Global demand for natural gas is projected to rise by one-fifth over the coming decade. Burning natural gas is about one-half as carbon-intensive as coal—which makes it a critical “bridge fuel” as the world transitions to even cleaner sources of energy.
Fourth, reduced energy imports do not mean the United States can or should disengage from the Middle East or the world. Global energy markets are part of a deeply interdependent world economy. The United States continues to have an enduring interest in stable supplies of energy and the free flow of commerce everywhere.
We have a set of enduring national security interests in the Middle East, including our unshakeable commitment to Israel’s security; our global nonproliferation objectives, including our commitment to prevent Iran from acquiring a nuclear weapon; our ongoing national interest in fighting terrorism that threatens our personnel, interests and our homeland; our strong national interest in pursuit of Middle East peace; our historic stabilizing role in protecting regional allies and partners and deterring aggression; and our interest in ensuring the democratic transitions in Yemen, North Africa and ultimately in Syria succeed.
Which brings me to my fifth point: though it is typically discussed in terms of its energy, environmental or economic implications, the changes to our climate that we are seeing are also a national security challenge.
The national security impacts of climate change stem from the increasingly severe environmental impacts it is having on countries and people around the world. Last year, the lower 48 U.S. states endured the warmest year on record. At one point, two-thirds of the contiguous United States was in a state of drought, and almost 10 million acres of the West were charred from wildfires. And while no single weather event can be directly attributed to climate change, we know that climate change is fueling more frequent extreme weather events. Last year alone, we endured 11 weather-related disasters that inflicted a $1 billion or more in damages – including Hurricane Sandy.

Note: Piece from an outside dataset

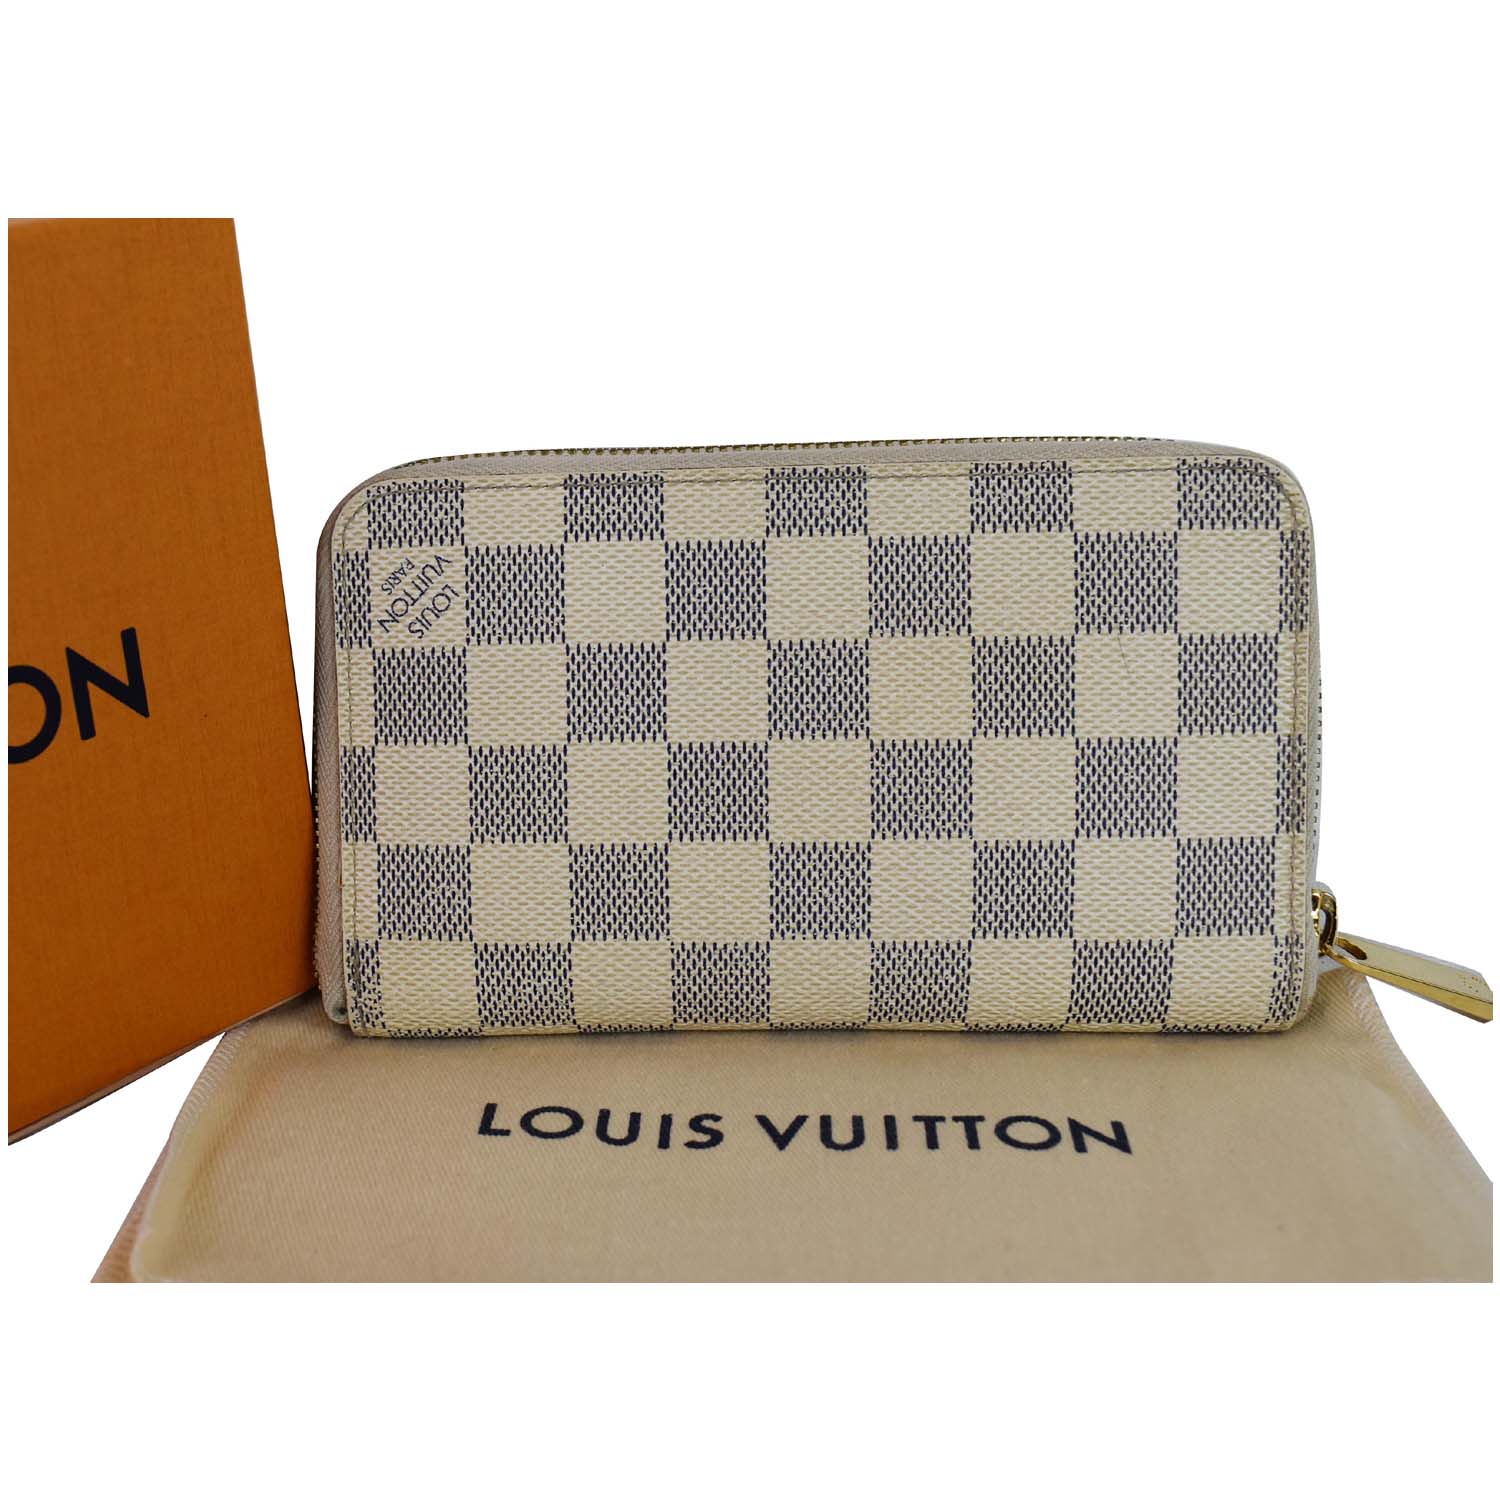 Louis Vuitton - Zippy Organizer ($875) - avail in monogram, damier, blk  damier, white…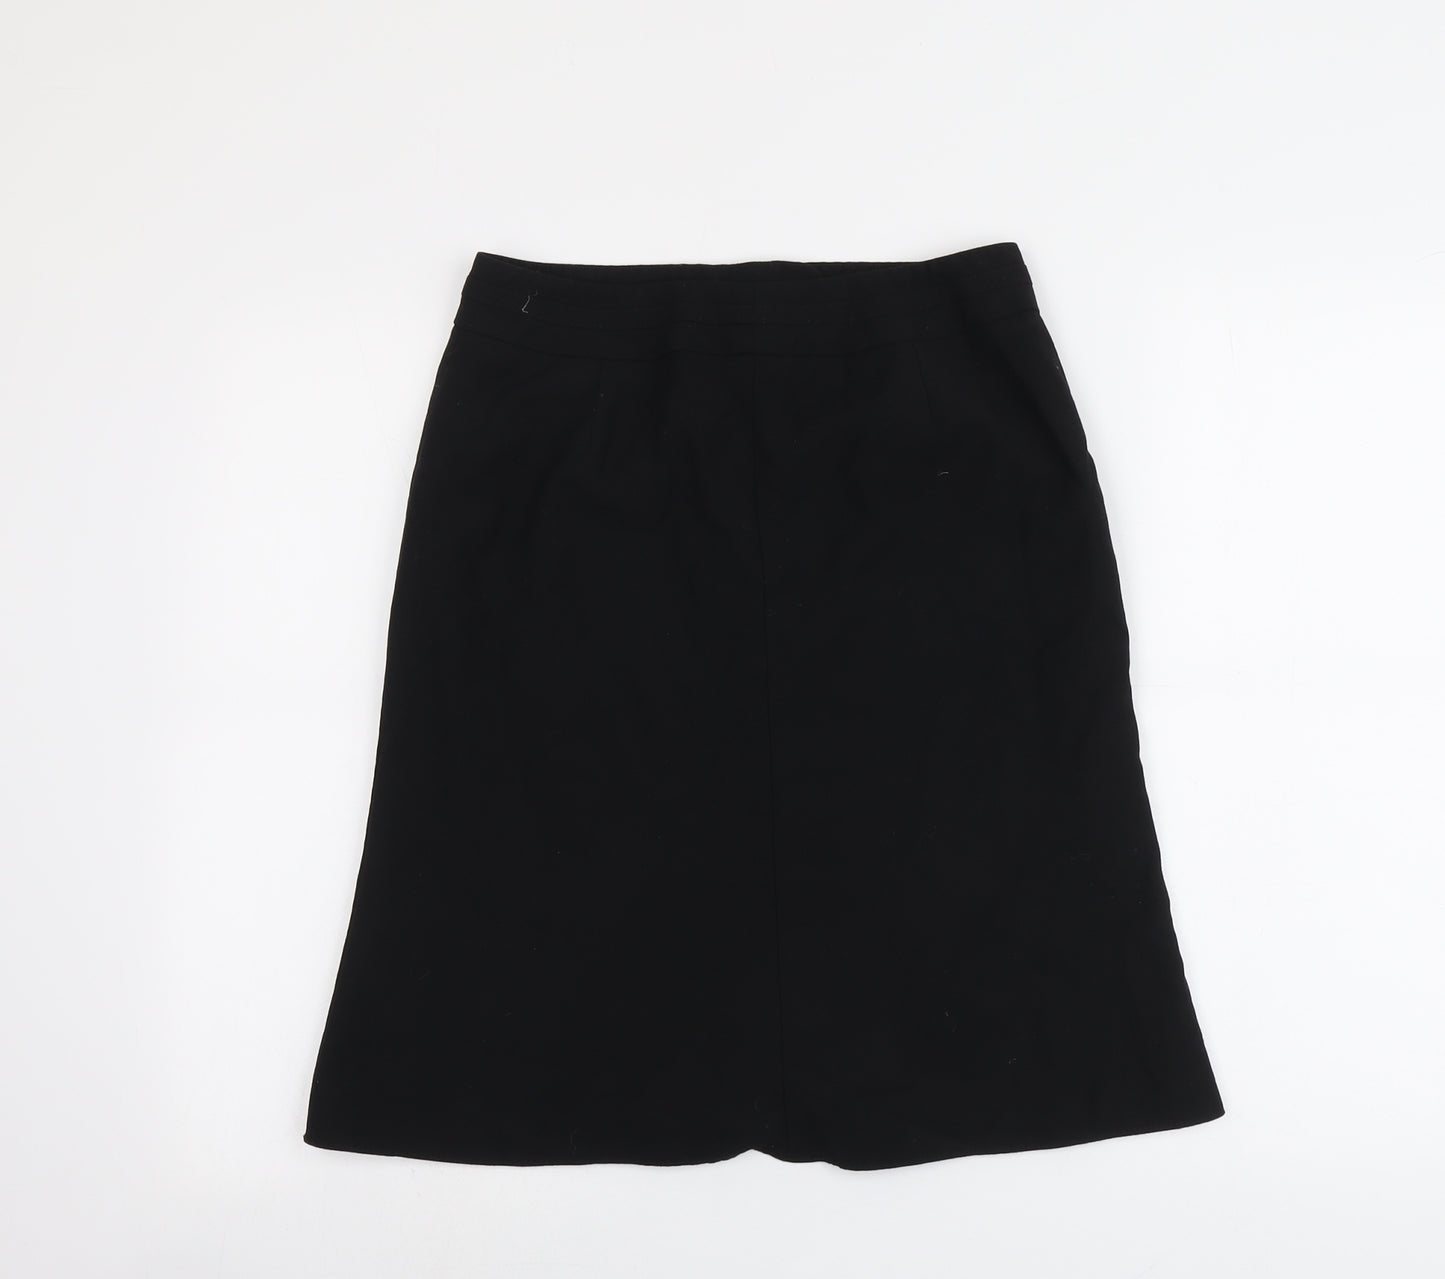 NEXT Womens Black Viscose A-Line Skirt Size 10 Zip

Internationally, we have seen the same: the first twelve years of this century are all among the fourteen warmest years on record. Last year, Brazil experienced its worst drought in five decades; floods in Pakistan affected over five million people and damaged or destroyed over 460,000 homes; severe flooding across western Africa and the Sahel impacted three million people across fifteen countries--to give just a few examples among many.
The fact that the environmental impacts of climate change present a national security challenge has been clear to this Administration from the outset. The President’s National Security Strategy recognizes in no uncertain terms that “the danger from climate change is real, urgent, and severe. The change wrought by a warming planet will lead to new conflicts over refugees and resources; new suffering from drought and famine; catastrophic natural disasters; and the degradation of land across the globe.”
The Department of Defense’s 2010 Quadrennial Defense Review, issued by Secretary Robert Gates, warned not only that climate change “may act as an accelerant of instability or conflict, placing a burden to respond on civilian institutions and militaries around the world” but also of the potential impacts of climate change on our operating environment, and on our military installations at home and around the world. A National Intelligence Assessment in 2008, multiple Worldwide Threat Assessments produced by the Director of National Intelligence, and numerous expert analyses have reached similar conclusions. This underscores the need – for the sake of our national security -- to reduce the greenhouse gas emissions that drive climate change and to ensure that we are as prepared as possible for the impacts of climate change.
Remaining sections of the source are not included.